Assigned task => Locate, in the data below, the line that contains "Vertical Force VUE-P-VH3J(JPN)" and the line that contains "뮬란 영화음악 (Mulan"; reproduce exactly those two lines and every line between them, nothing more.

Exercise material =>
<<<<

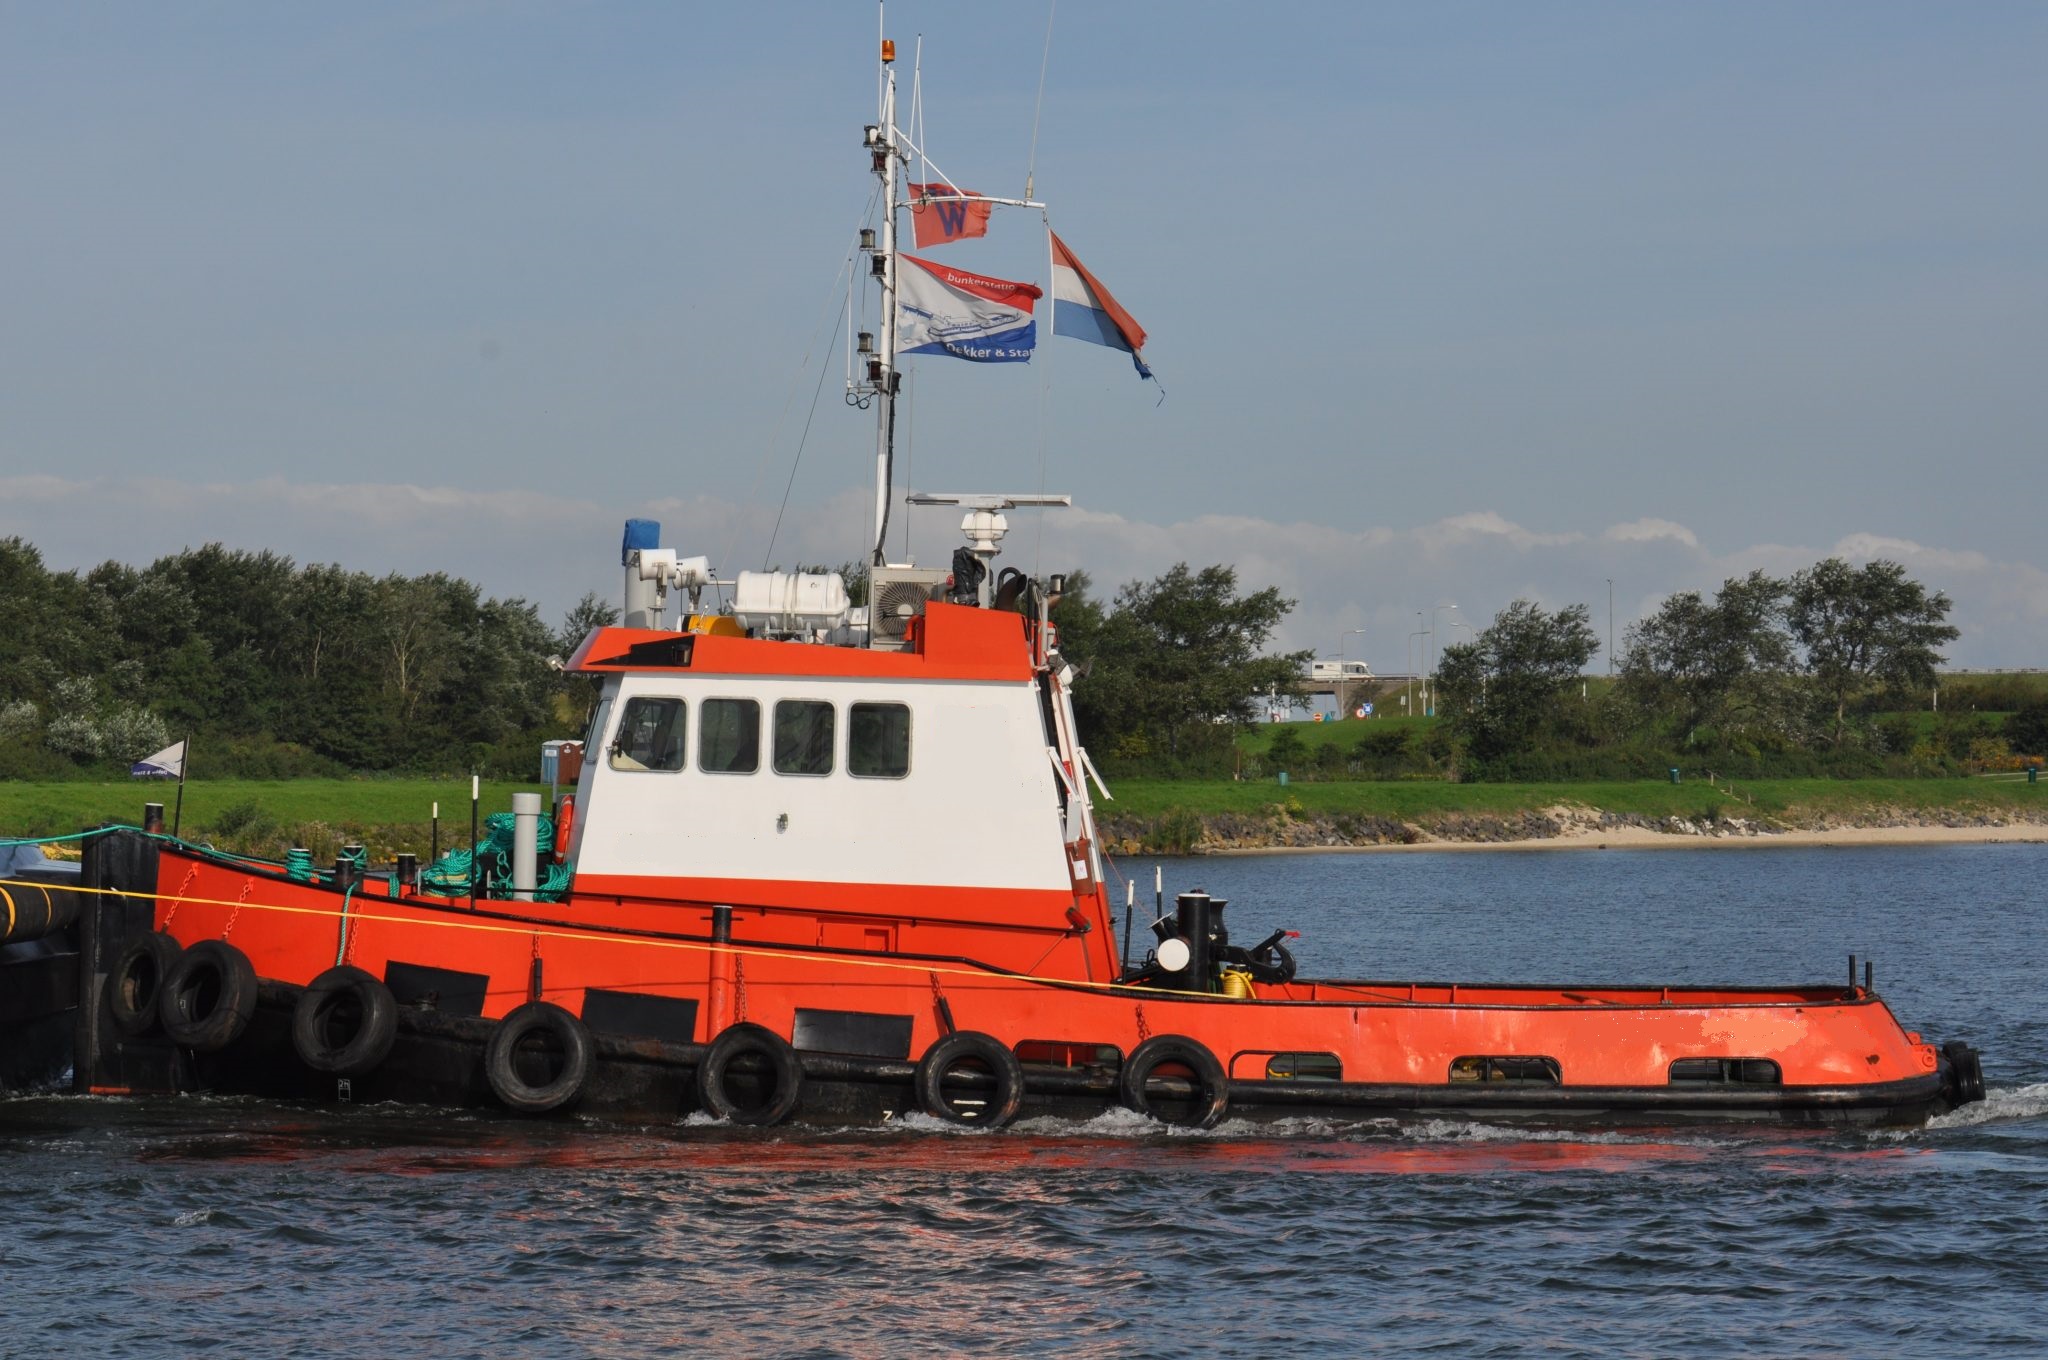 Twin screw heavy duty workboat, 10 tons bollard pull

>>>>
<<<<

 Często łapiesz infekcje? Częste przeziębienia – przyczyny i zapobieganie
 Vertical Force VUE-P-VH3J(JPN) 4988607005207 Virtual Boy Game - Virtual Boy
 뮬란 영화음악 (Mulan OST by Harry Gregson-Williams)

>>>>

Output =>
 Vertical Force VUE-P-VH3J(JPN) 4988607005207 Virtual Boy Game - Virtual Boy
 뮬란 영화음악 (Mulan OST by Harry Gregson-Williams)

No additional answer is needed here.